Казалось, так и должно быть. В конце концов, в акциях риска больше, чем в облигациях. Облигации — это контракты, которые точно определяют, когда заемщик должен выплатить основную сумму долга и каков график выплат процентов. Если заемщики нарушают долговое обязательство, они кончают банкротством, те­ряют доверие, а их активы переходят под контроль кредиторов.

В случае акций притязания акционеров на собственность ком­пании не имеют силы, пока не удовлетворены все кредиторы ком­пании. Акции бессрочны: они не имеют определенного срока, по истечении которого собственность компании распределялась бы между акционерами. Более того, дивиденды выплачиваются акци­онерам по решению Совета директоров; компания не обязана пла­тить дивиденды акционерам. За период с 1871-го по 1929 год было только девятнадцать случаев сокращения дивидендных выплат ак­ционерам публичных компаний, за период с 1929-го по 1933 год дивиденды снизились более чем на 50%, а в 1938 году пример­но на 40%.

Так что неудивительно, что инвесторы покупали акции, только когда их прибыльность была выше, чем у облигаций. И неудиви­тельно, что курс акций падает каждый раз, как прибыль от акций приближается к прибыли от облигаций.

Так было до 1959 года. С этого момента цены на акции стали стремительно расти, а цены на облигации падать. Это означало, что отношение облигационного процента к цене облигации взлете­ло вверх, а отношение дивидендов к ценам акций стало падать. Прежнее соотношение между акциями и облигациями исчезло, об­разовав такой огромный разрыв, что в конце концов доходность облигаций стала превышать доходность акций даже на большую величину, чем прежде доходность акций превышала доходность облигаций.

Причина этого обращения соотношений не могла быть триви­альной. Инфляция была главным фактором, который отделил на­стоящее от прошлого. С 1800-го по 1940 год стоимость жизни росла в среднем только на 0,2% в год и снижалась за это время 69 раз. В 1940 году индекс стоимости жизни был только на 28% выше, чем за 140 лет до этого. В таких условиях владеть собственностью, оцениваемой фиксированной суммой в долларах, было одно удо­вольствие, а владеть собственностью, не оцененной фиксированной суммой в долларах, было весьма рискованно.

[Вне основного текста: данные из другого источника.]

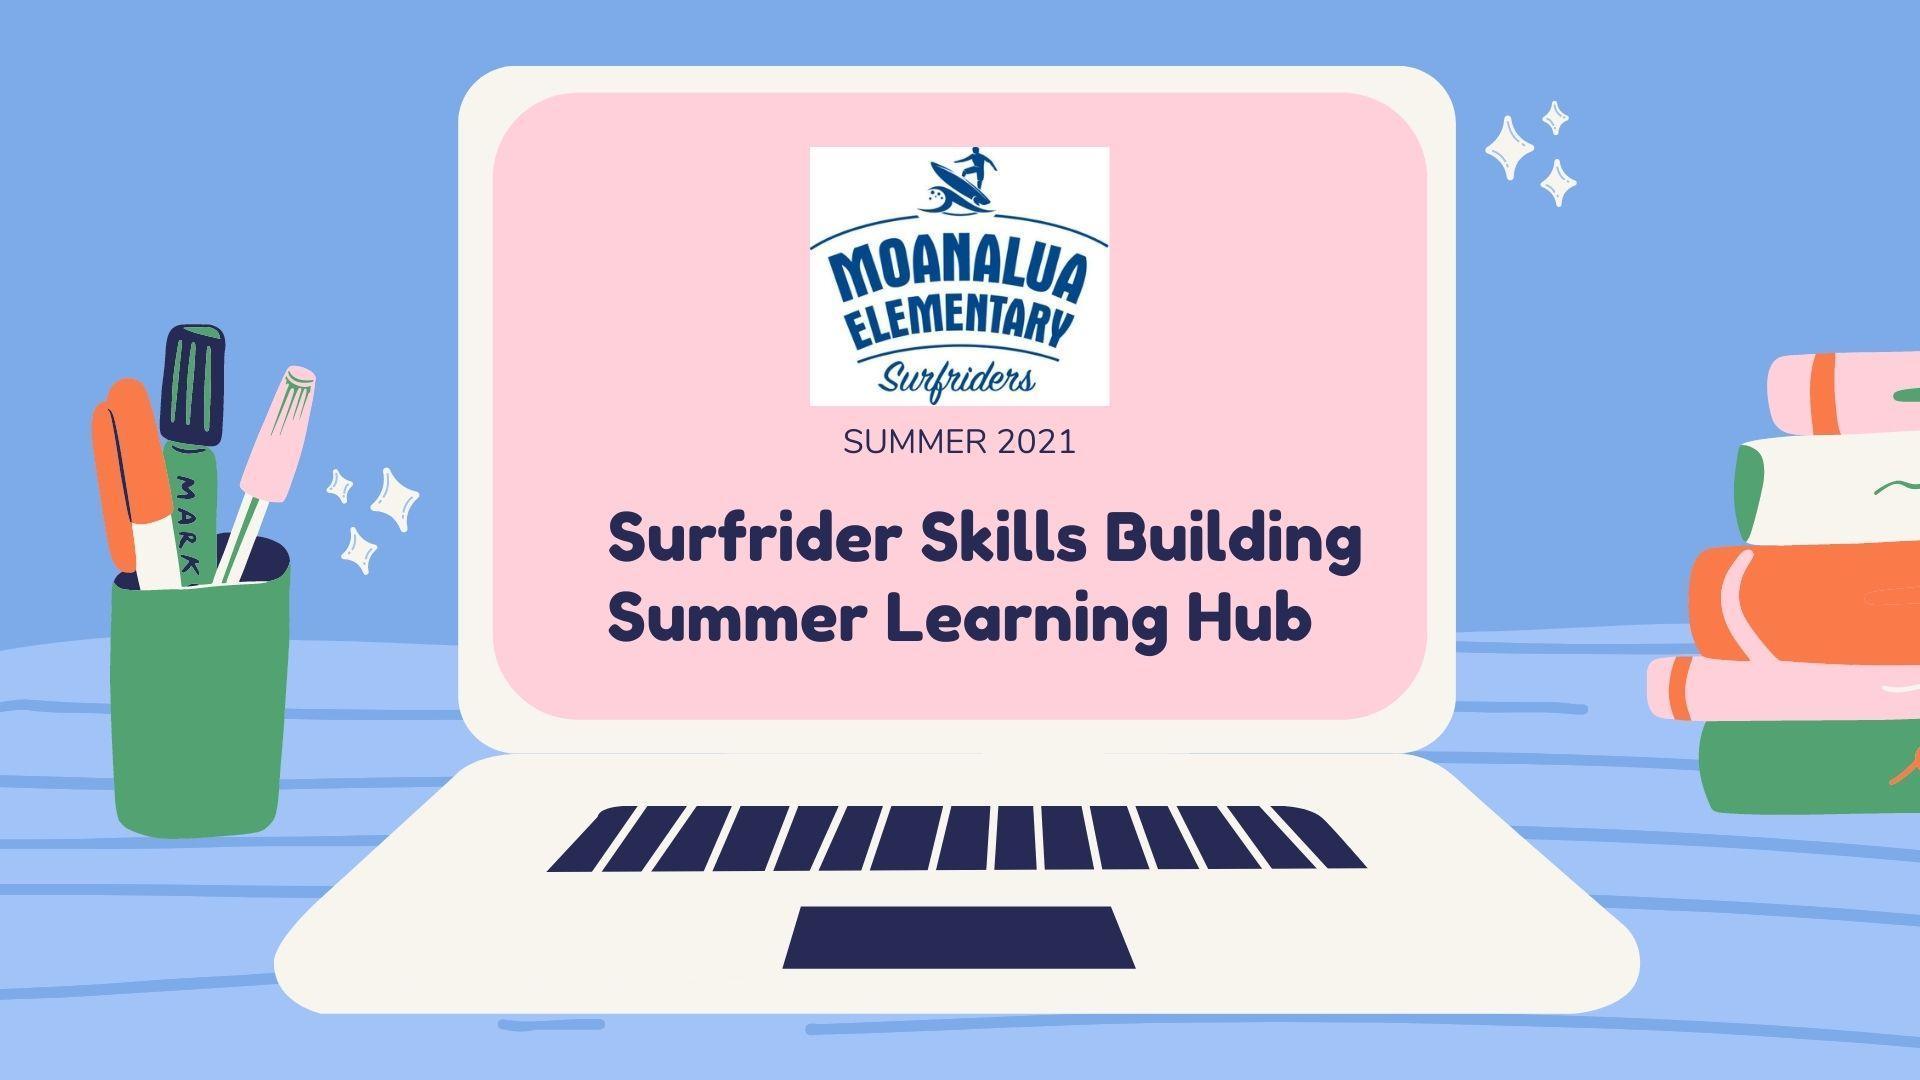 Summer learning hub 2021
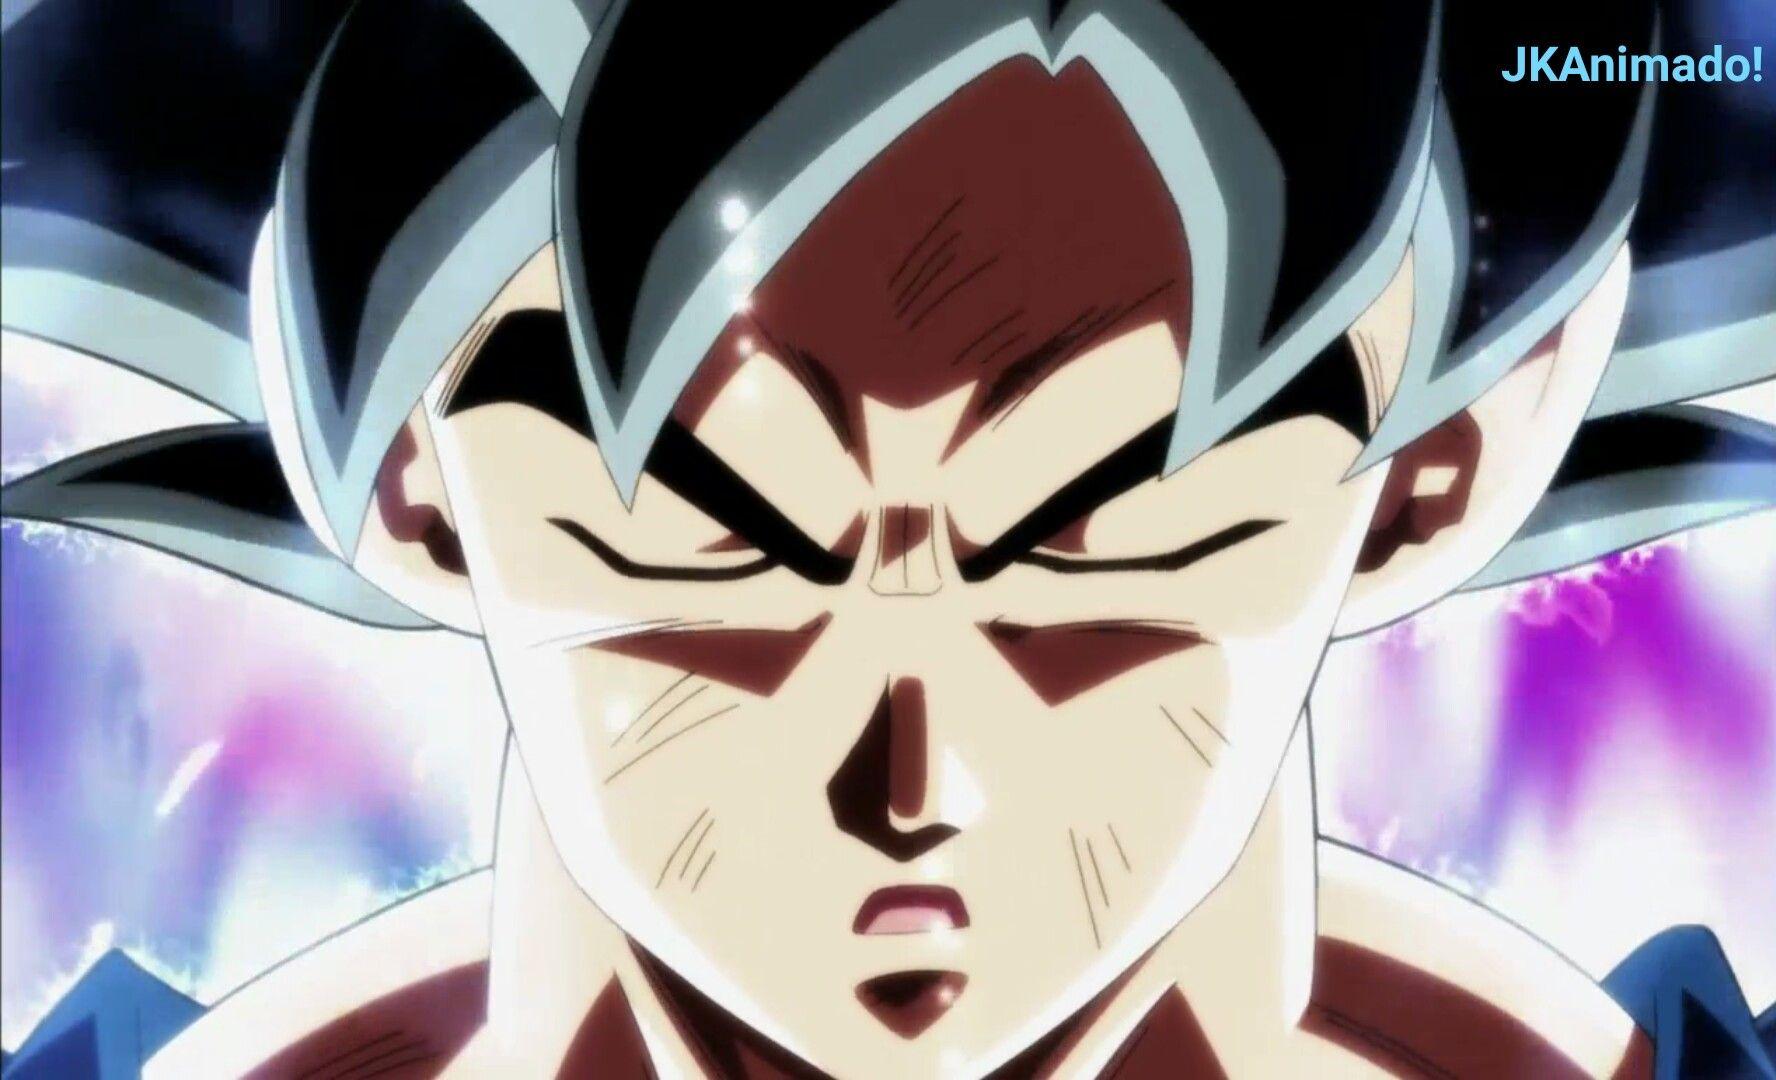 Goku Vs Jiren Roblox Pin By Madison Fitzgerald On Migatte No Gokui Dragon Ball Super Manga Anime Dragon Ball Dragon Ball Super Goku

Все изменила Вторая мировая война и ее последствия. С 1941-го по 1959 год уровень инфляции составлял в среднем 4% в год, а индекс стоимости жизни рос все годы, кроме одного. Неумолимый рост уров­ня цен превратил облигации из финансового инструмента, казавшего­ся вечным, в очень рискованную штуку. К 1959 году цена 21/2-про-центной облигации государственного казначейства, выпущенной в 1945 году, упала с 1000 долларов до 820, причем покупательная спо­собность этих 820 долларов была вдвое меньше, чем в 1949 году!

Между тем дивиденды быстро росли и за период с 1945-го по 1959 год практически утроились, причем уменьшение дивидендов имело место только в течение одного года, и то менее чем на 2%. Инвесторы больше не считали акции рискованной собственностью с непредсказуемыми ценой и прибылью. Их цена по сравнению с тогдашними дивидендами казалась несоизмеримо малой. Имел зна­чение только растущий поток ожидаемых в будущем дивидендов. Можно было рассчитывать, что эти дивиденды превысят процент­ные выплаты по облигациям, а при этом еще ожидался и рост ко­тировок. Было выгодно даже переплачивать за акции, потому что они обещали рост дохода и защиту от инфляции, и избавляться от облигаций с их фиксированной долларовой доходностью.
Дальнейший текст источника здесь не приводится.